The Spirograph is “… a geometric drawing toy that produces mathematical roulette curves of the variety technically known as hypotrochoids and epitrochoids. It was developed by British engineer Denys Fisher and first sold in \(1965\).” These can be used to make interesting geometrical curves.

Following Wikipedia: Consider a fixed outer circle \(C_o\) of radius \(R\) centered at the origin. A smaller inner circle \(C_i\) of radius \(r < R\) rolling inside \(C_o\) and is continuously tangent to it. \(C_i\) will be assumed never to slip on \(C_o\) (in a real Spirograph, teeth on both circles prevent such slippage). Now assume that a point \(A\) lying somewhere inside \(C_{i}\) is located a distance \(\rho < r\) from \(C_i\)’s center.

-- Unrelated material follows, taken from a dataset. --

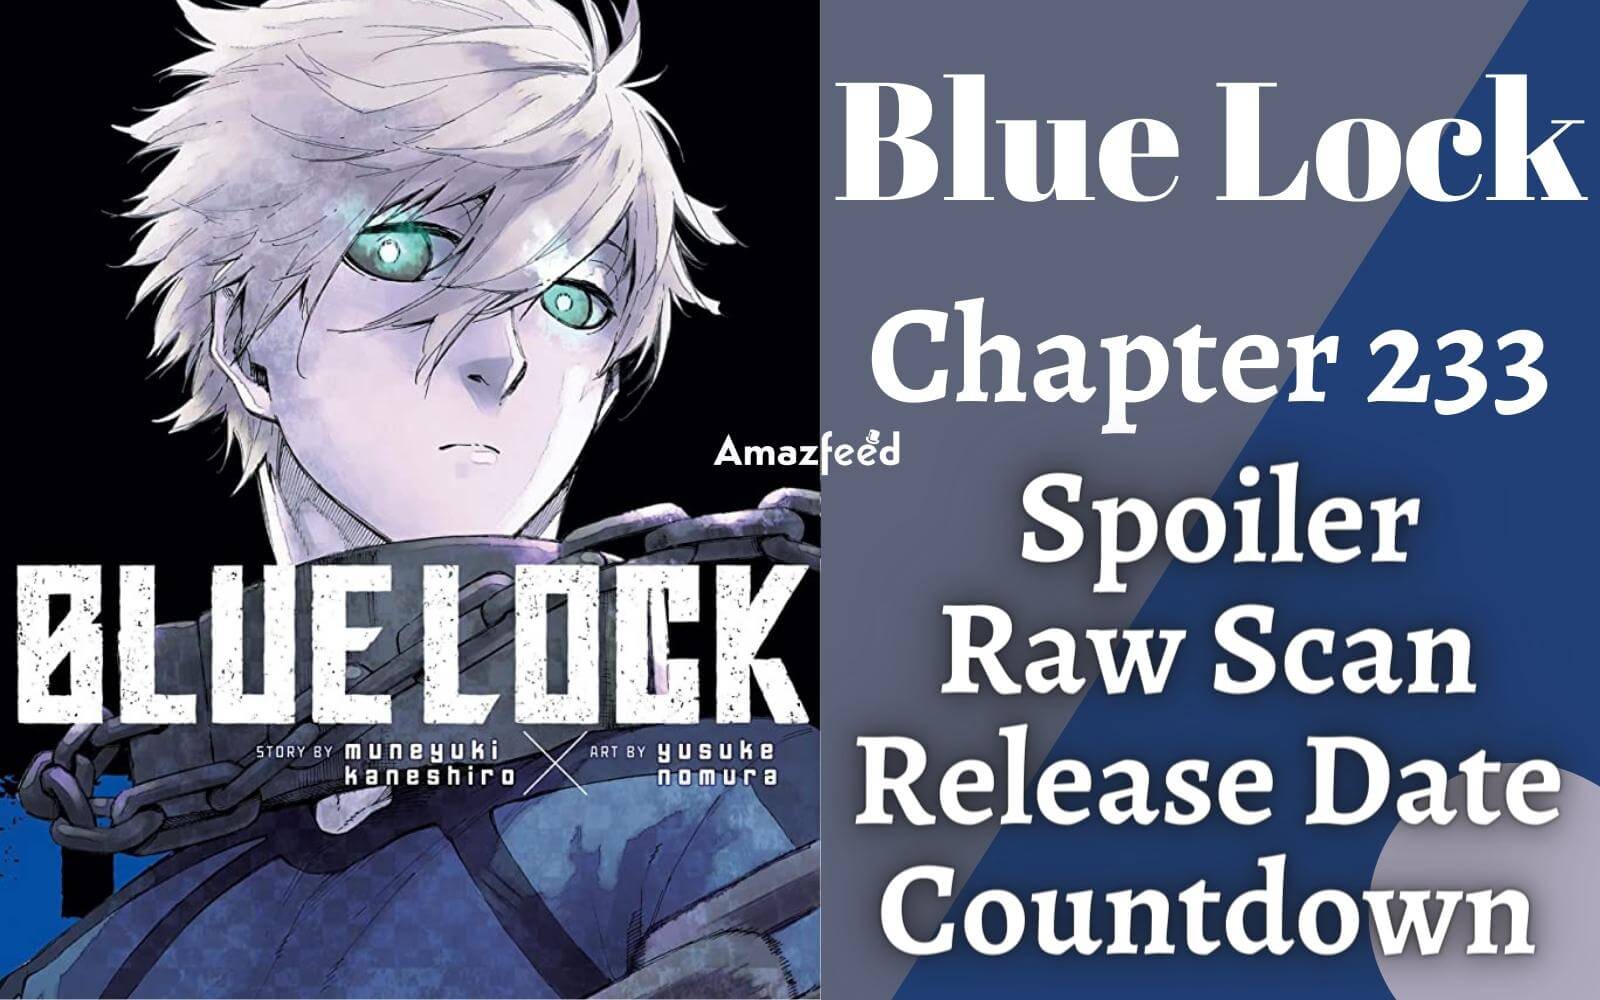 Comment how excited your are for the new season of blue lock #bluelock, blue  lock season 2 release date

The center of the inner circle will move in a circular manner with radius \(R-r\). The fixed point on the inner circle will rotate about this center. The accumulated angle may be described by the angle the point of contact of the inner circle with the outer circle. Call this angle \(t\).

Suppose the outer circle is centered at the origin and the inner circle starts (\(t=0\)) with center \((R-r, 0)\) and rotates around counterclockwise. Then if the point of contact makes angle \(t\), the arc length along the outer circle is \(Rt\). The inner circle will have moved a distance \(r t'\) in the opposite direction, so \(Rt =-r t'\) and solving the angle will be \(t' = -(R/r)t\).

If the initial position of the fixed point is at \((\rho, 0)\) relative to the origin, then the following function will describe the motion:

\[ \vec{s}(t) = (R-r) \cdot \langle \cos(t), \sin(t) \rangle + \rho \cdot \langle \cos(-\frac{R}{r}t), \sin(-\frac{R}{r}t) \rangle. \]

To visualize this we first define a helper function to draw a circle at point \(P\) with radius \(R\):

circle!(P, R; kwargs...) = plot_parametric!(0..2pi, t -> P + R * [cos(t), sin(t)]; kwargs...)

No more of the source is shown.